- A fascinating portrait of the tragic Winter Queen, Elizabeth of Bohemia. Elizabeth (1596-1662), sister of Charles I, became Queen of Bohemia for one winter before being defeated in battle and fleeing into exile
- The first biography of William, 1st Earl of Craven, a wealthy and generous supporter of Elizabeth who risked his life and spent a fortune in her cause
- A thoroughly researched and very readable account of Lord Craven’s dramatic life
- A tale of plots, intrigue, battles, court cases, family quarrels and architecture
Elizabeth of Bohemia, known to some as the Winter Queen and to others as the Queen of Hearts, was one of those rare figures whose personality still fascinates us across the centuries. The daughter of James I, she combined charm and humour with courage in the face of adversity after she and her husband were driven from the throne of Bohemia. Of the many men who championed her cause, Lord Craven was the most faithful.
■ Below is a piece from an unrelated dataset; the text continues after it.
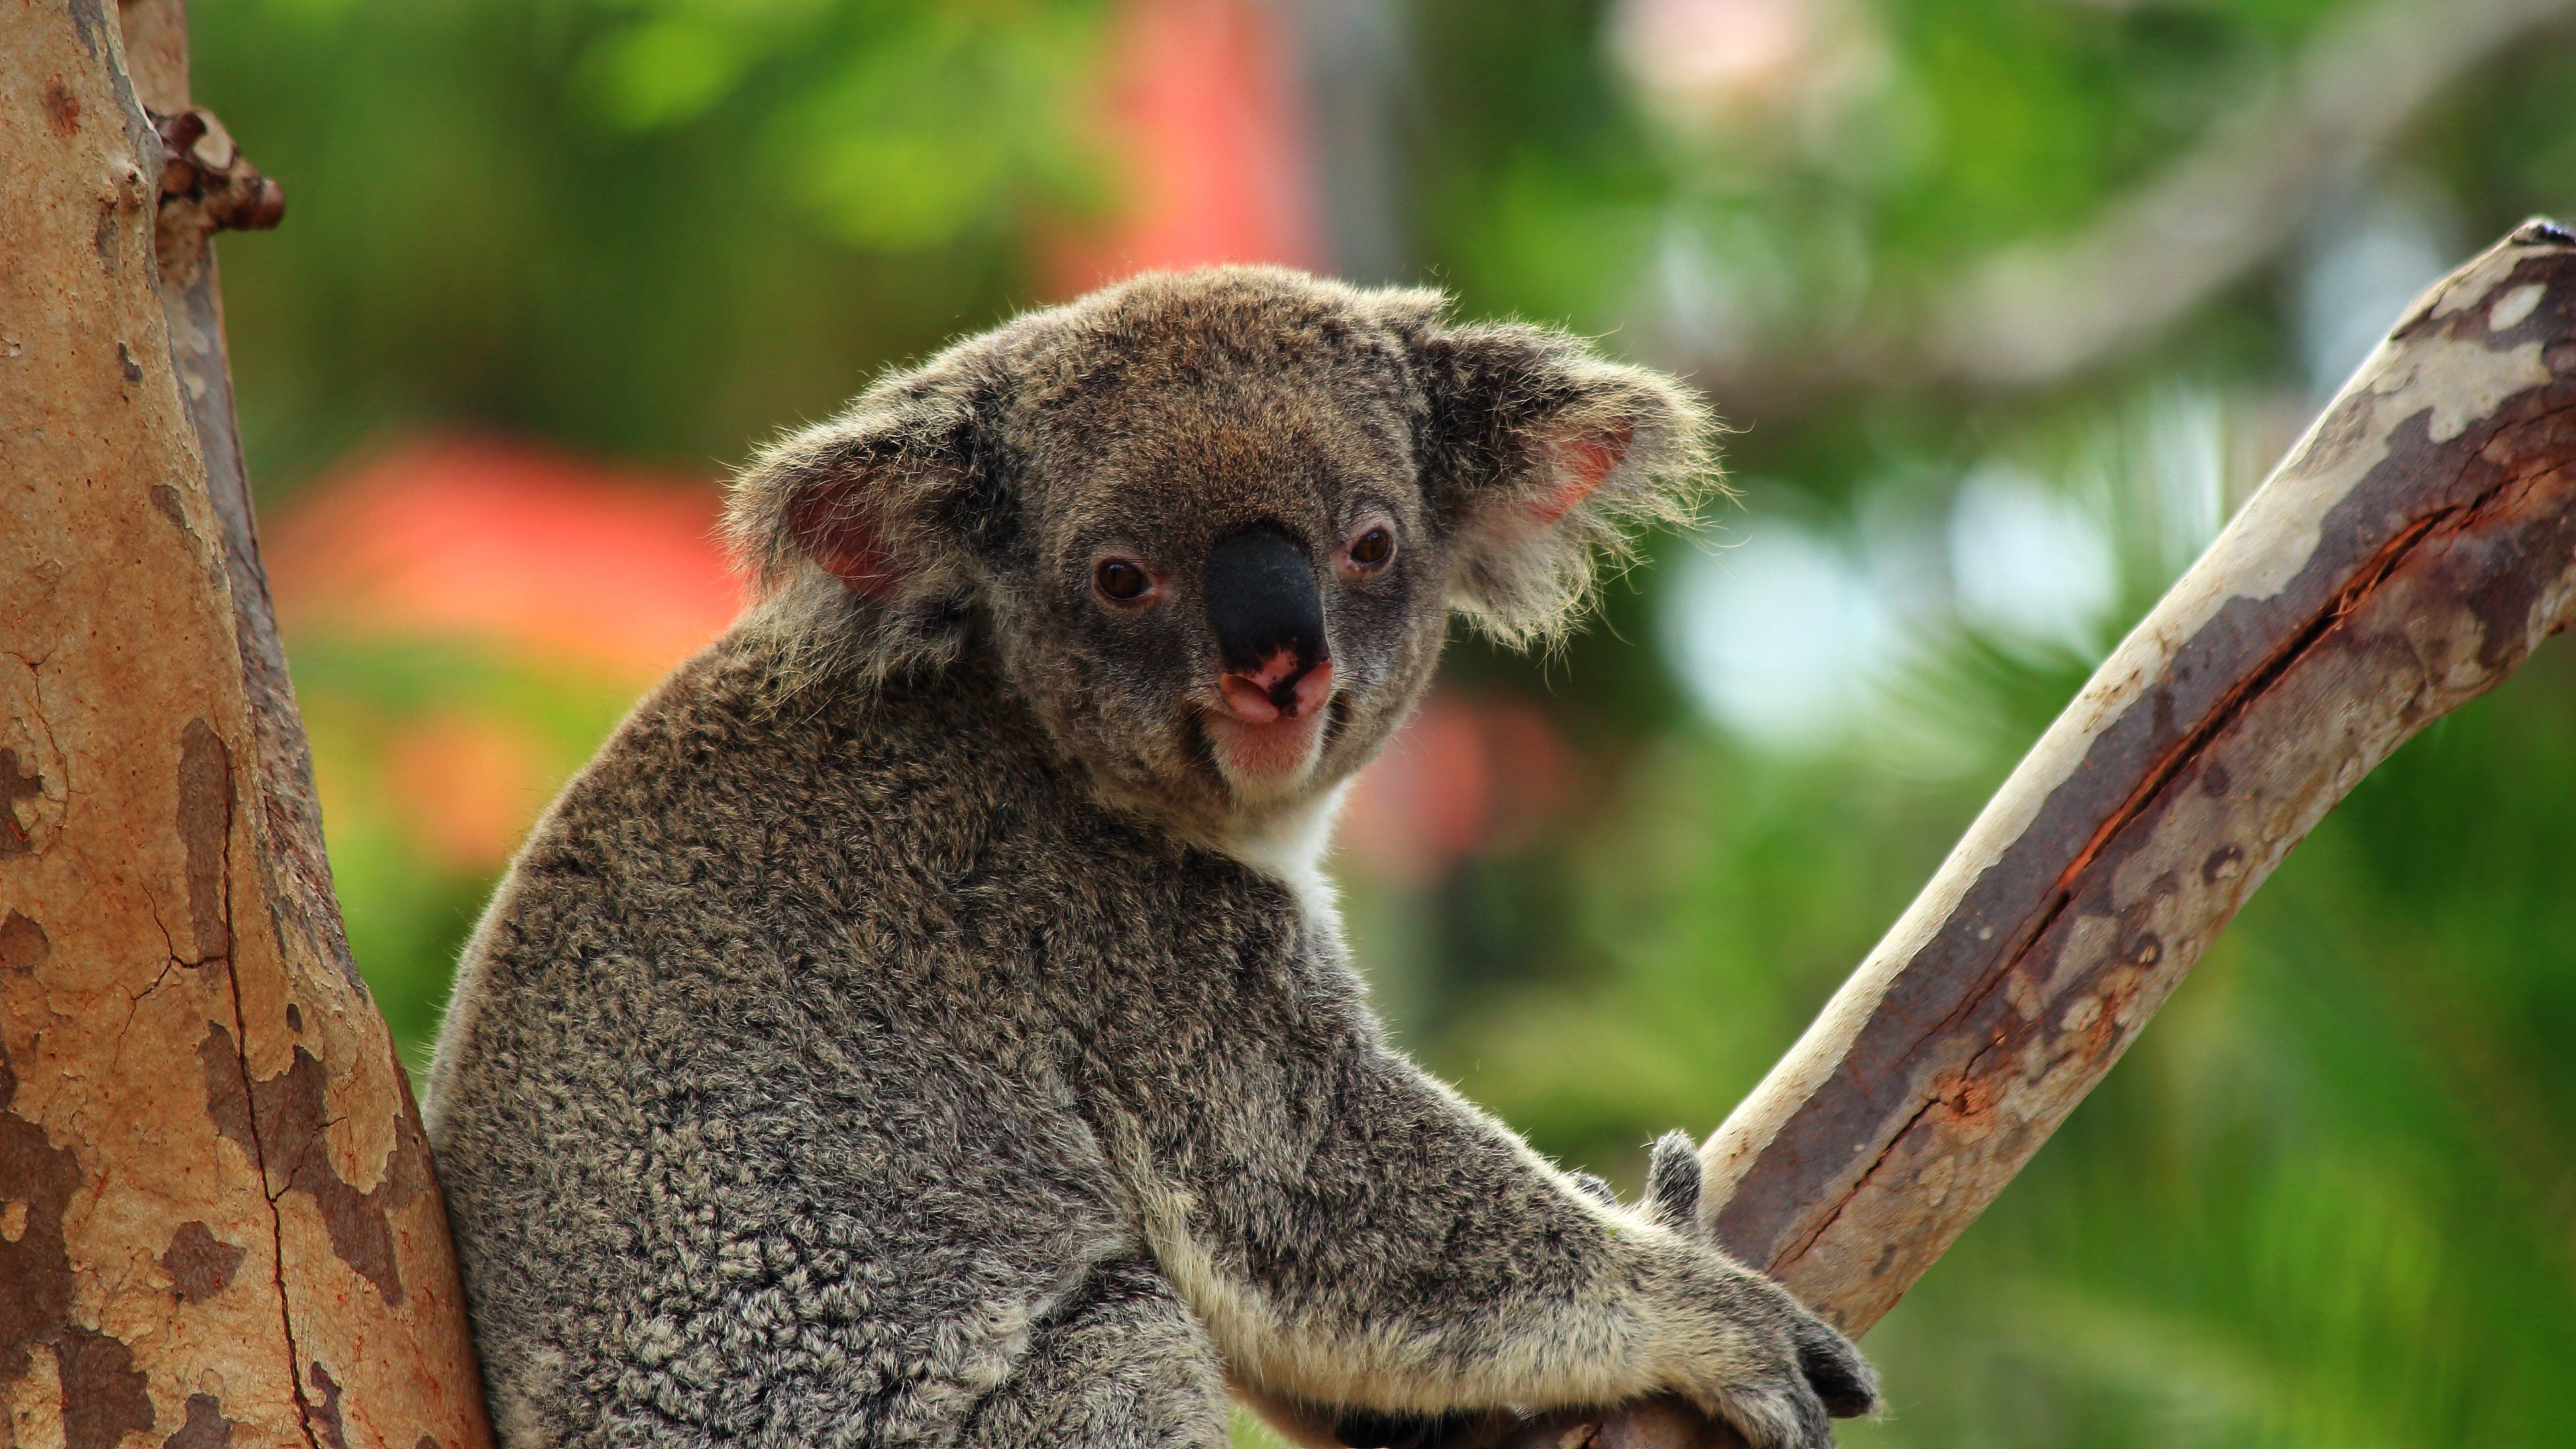 Koala Bear Wallpaper For Desktop

Brave, wealthy, and supremely generous, this latter-day knight errant threw everything he could into his efforts to recapture the Palatinate for his heroine, risking his life and spending enormous sums in financing a military campaign. After all schemes had come to naught he came to live at Elizabeth’s threadbare court in the Hague, supporting her financially and befriending her talented but unruly family while giving discreet help to the royalists in the Civil War. His estates, confiscated by the Commonwealth, were returned at the Restoration, and he busied himself in planning fine houses for Elizabeth’s use on her return to England in 1661. Sadly she died the following year, but Ashdown House in Berkshire still remains as a poignant memorial to Craven’s single-minded devotion.
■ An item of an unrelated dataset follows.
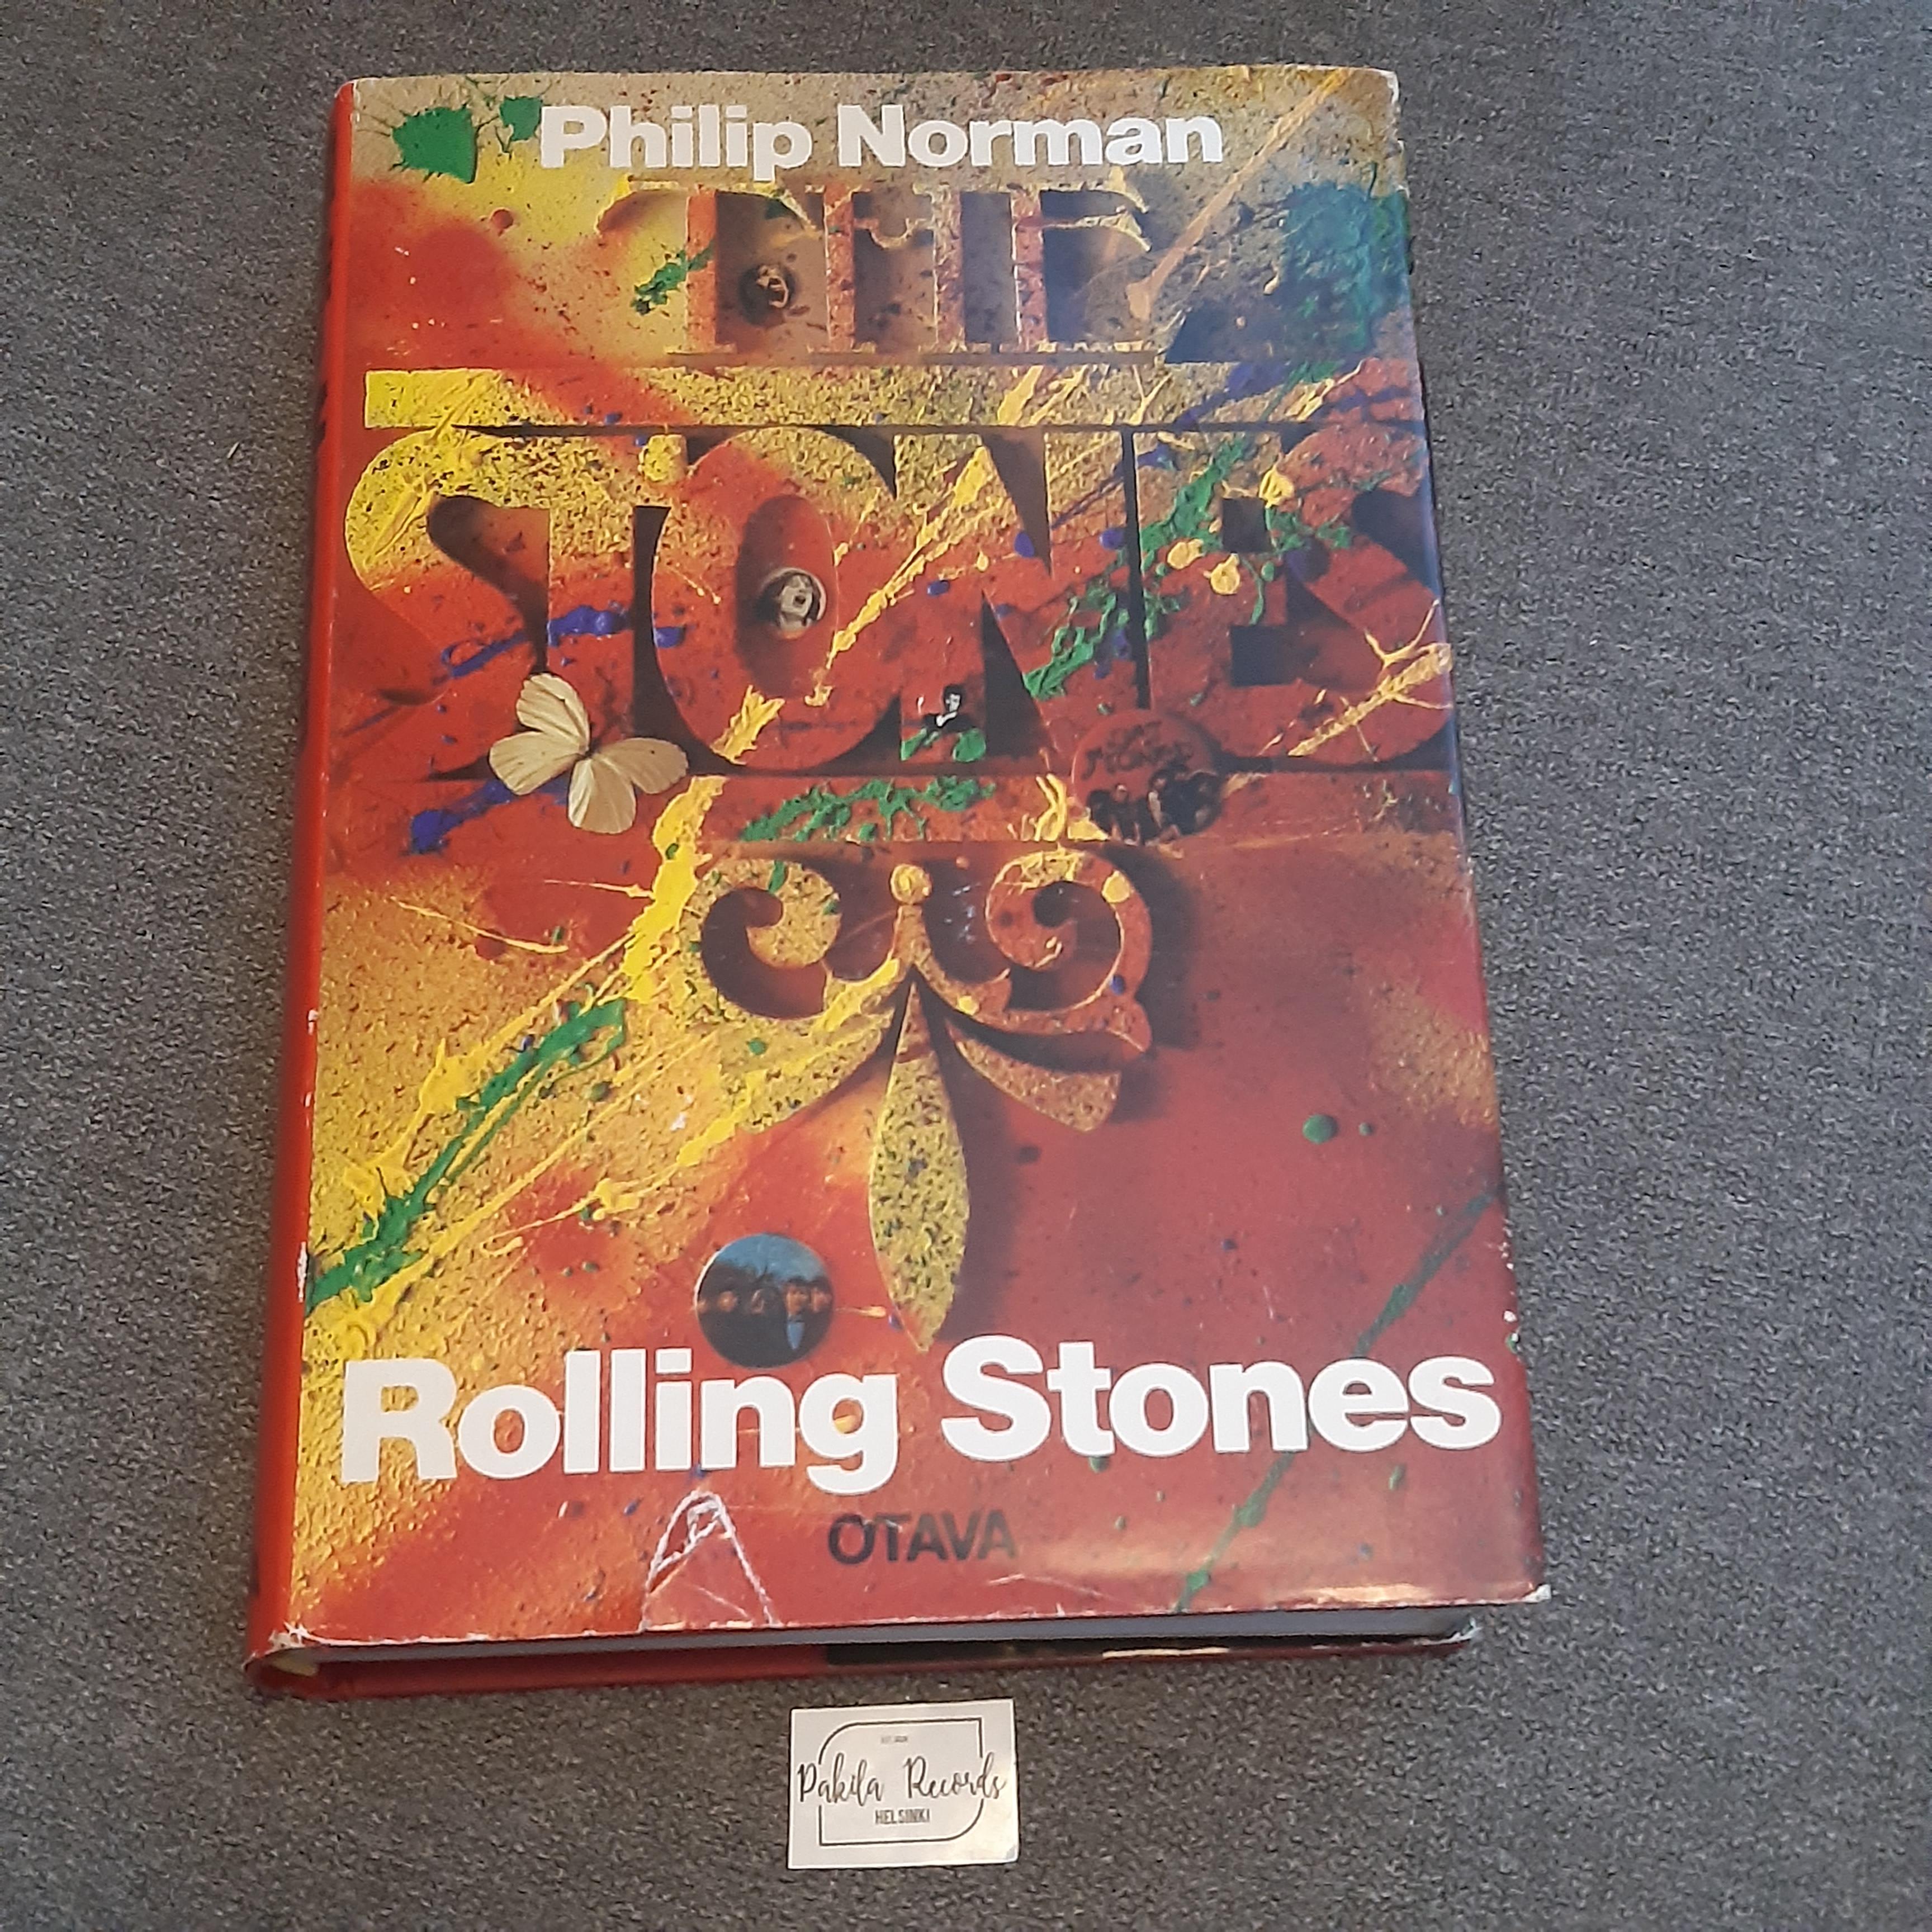 Rolling Stones - Philip Norman - Kirja (käytetty)

Knight Errant: Lord Craven and the Court of the Winter Queen is a compelling and exhaustively researched account of the public and private travails of the exiled queen and her faithful admirer.
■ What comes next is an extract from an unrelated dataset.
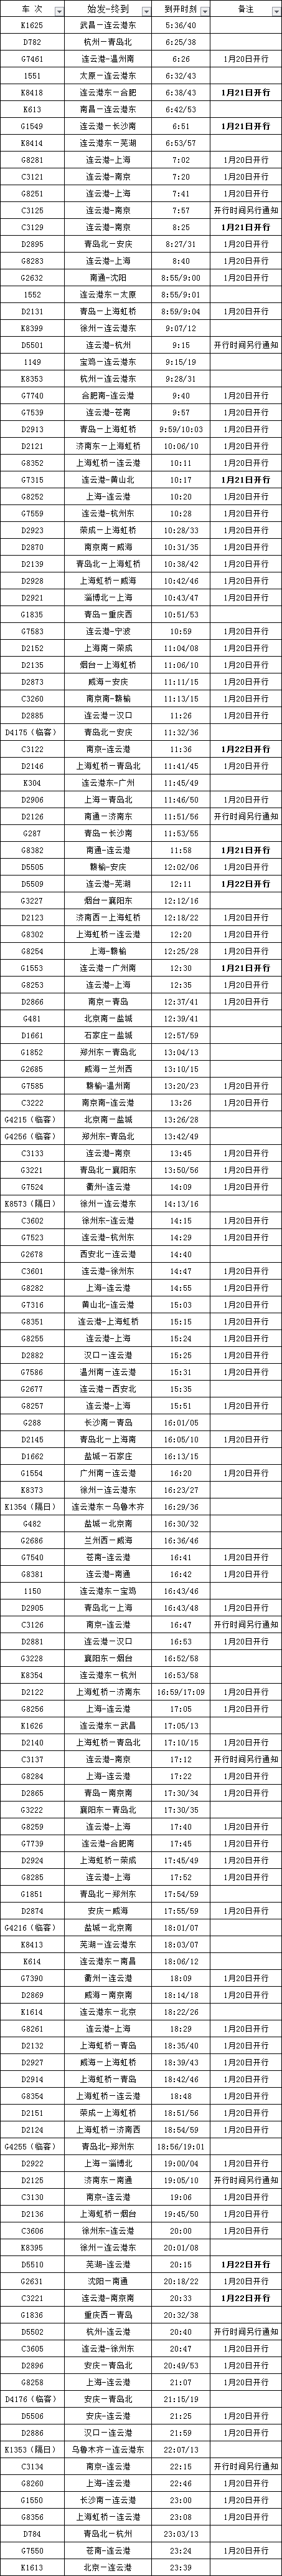 连云港高铁最新调图时刻表,来了!

Robin Haig was born in 1959. Educated at Winchester College and St Andrews University, he graduated with an MA in Modern and Medieval History in 1982. He is the author of A History of Theatres and Performers in Herefordshire (2002) and in 2009 was commissioned to write a series of short histories of Cambridge colleges for Cambridge 800, a book published to commemorate the 800th anniversary of the foundation of Cambridge University. He lives in Herefordshire, where in roughly equal measures he combines writing with growing cider apples.